Using multiple processor cores in R-Projet

Murat Yildizoglu

My laptop is equipped with a Core i7 processor with 4 cores that can execute in parallel 8 processes.

My R-project computations use only one single core, if I use the default instructions. I have ended up by thinking that it is a pity that other cores are just sitting idle (sort of), instead of contributing to the speed of my computations, even if I do not run yet really heavy ones in my research. As a consequence, I have started to look for an easy way to use all cores in R-project.

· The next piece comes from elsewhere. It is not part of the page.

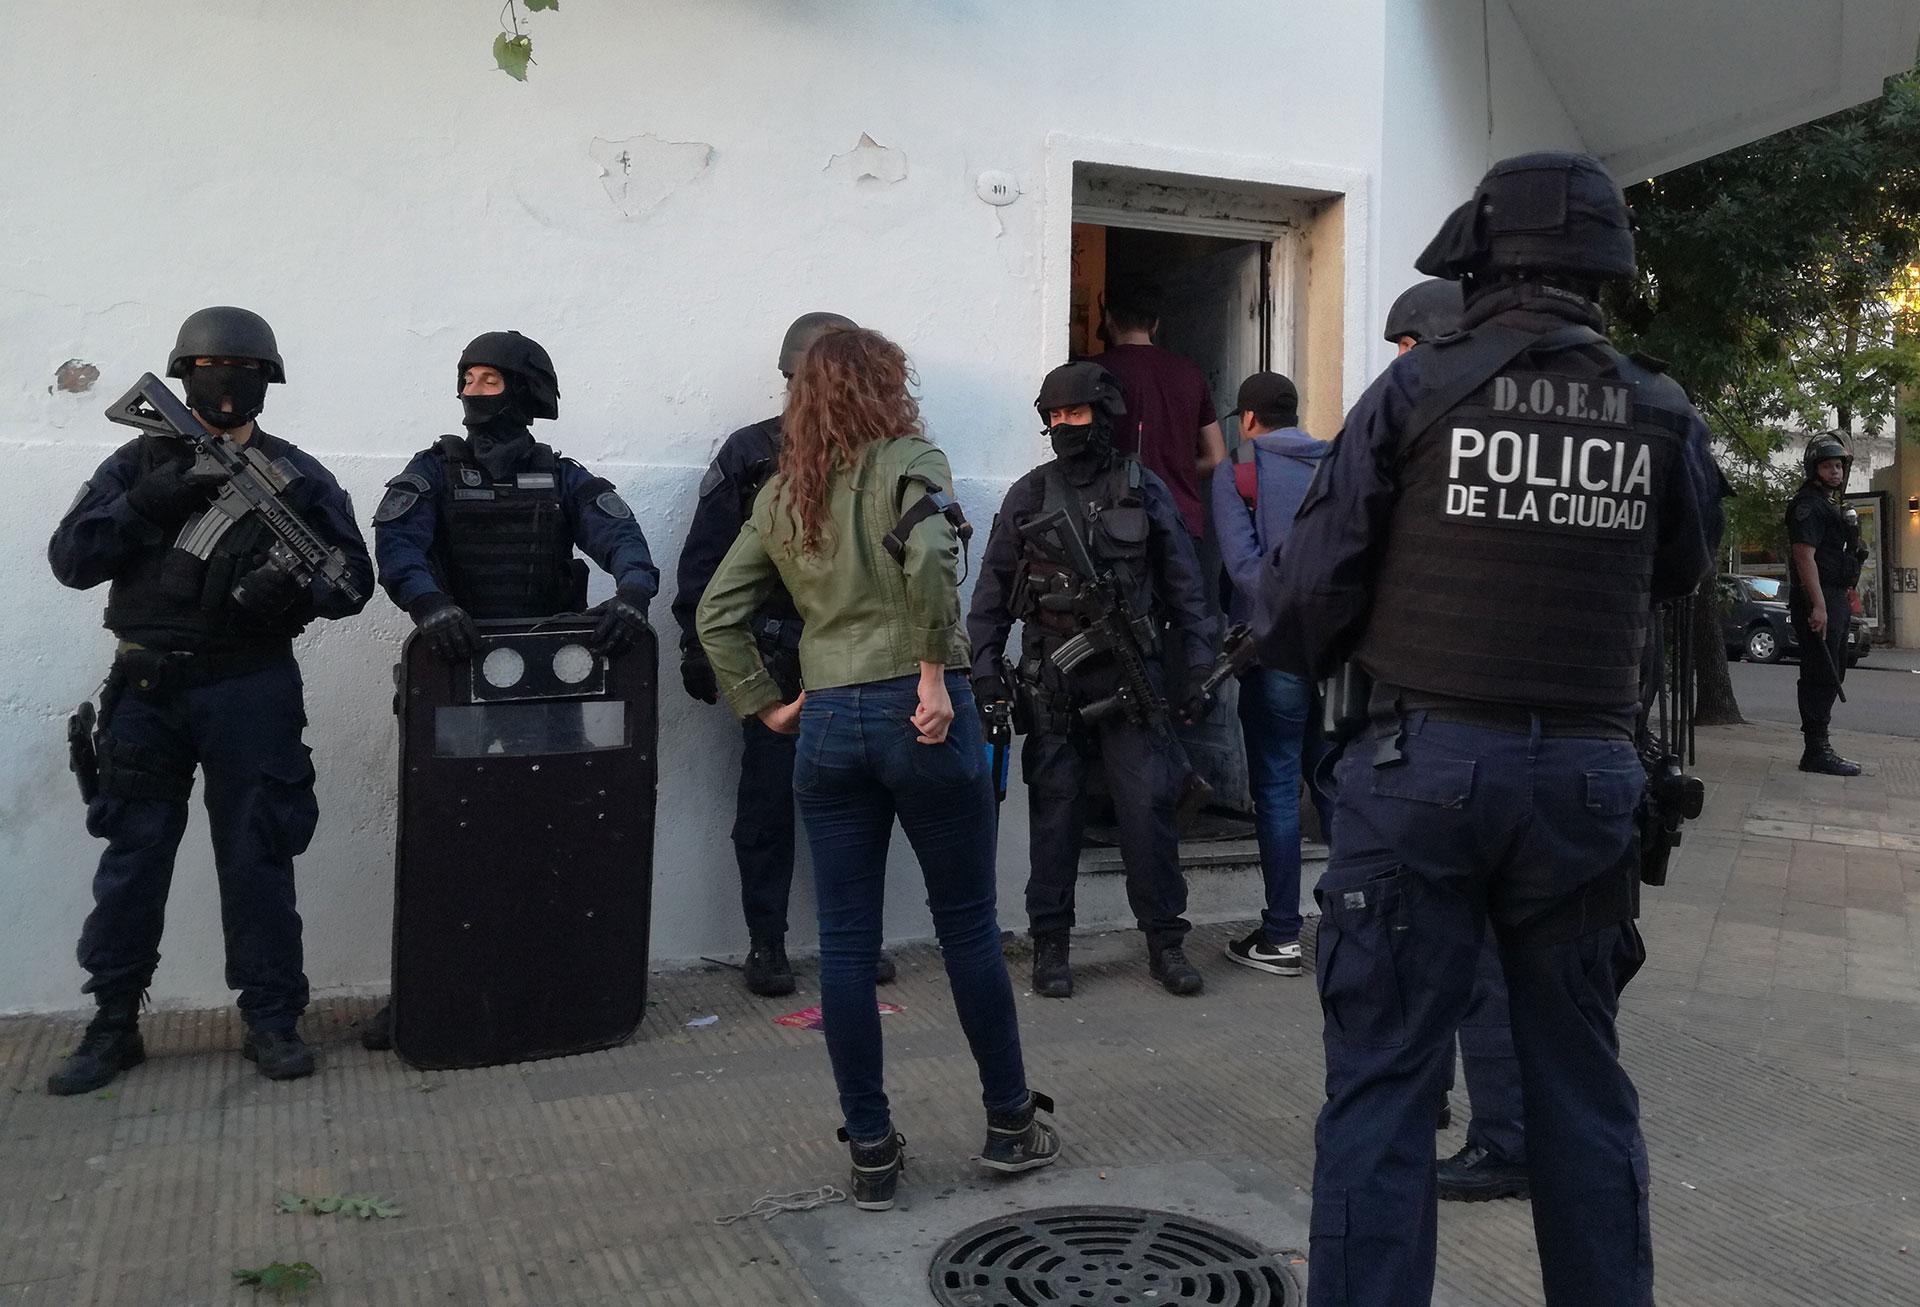 La casa de Cabrera y Humboldt, un conocido punto de venta de drogas en Palermo (Infobae)

And, indeed, there is an easy solution to this problem. It uses the doMC library, and the instructions foreach and %dopar%. For example, for computing linear models with different dependent variables and a given set of exogenous ones, one can do the following computations:

library(doMC) # There are other parallel computing libraries
registerDoMC() # You must register one of them for foreach
getDoParWorkers() # Indicates you how many cores have been detected 
                  # by registerDoMC()

Suppose that you have a dataset called mydata, containing the dependent variables y1, y2, y3, and the independent variables, x1,x2,x3.

We can execute in parallel the estimation of linear models of each y on the set of independent variables, by executing the following code:

myVariableList <- c(\"y1\", \"y2\", \"y3\")  
results <- foreach(i = 1:length(myVariableList), .errorhandling=\"stop\", .inorder=TRUE)
%dopar% {
    model <- lm(as.formula(paste(myVariableList[i],\"~x1+x2+x3\")),data=mydata)
    return(model)
        }

%dopar% executes these estimations on different cores, in parallel and a list of the estimated models is saved in the variable results.

We can now look at the characteristics of the estimated models, by printing them successively on the output of R:

for (i in 1:length(results)) { print(summary(results[[i]])) }

VoilĂ !

Of course, this possibility is especially useful for more complex computations, like stepwise regressions with many independent variables, that can take some time, or regression trees with big datasets, etc.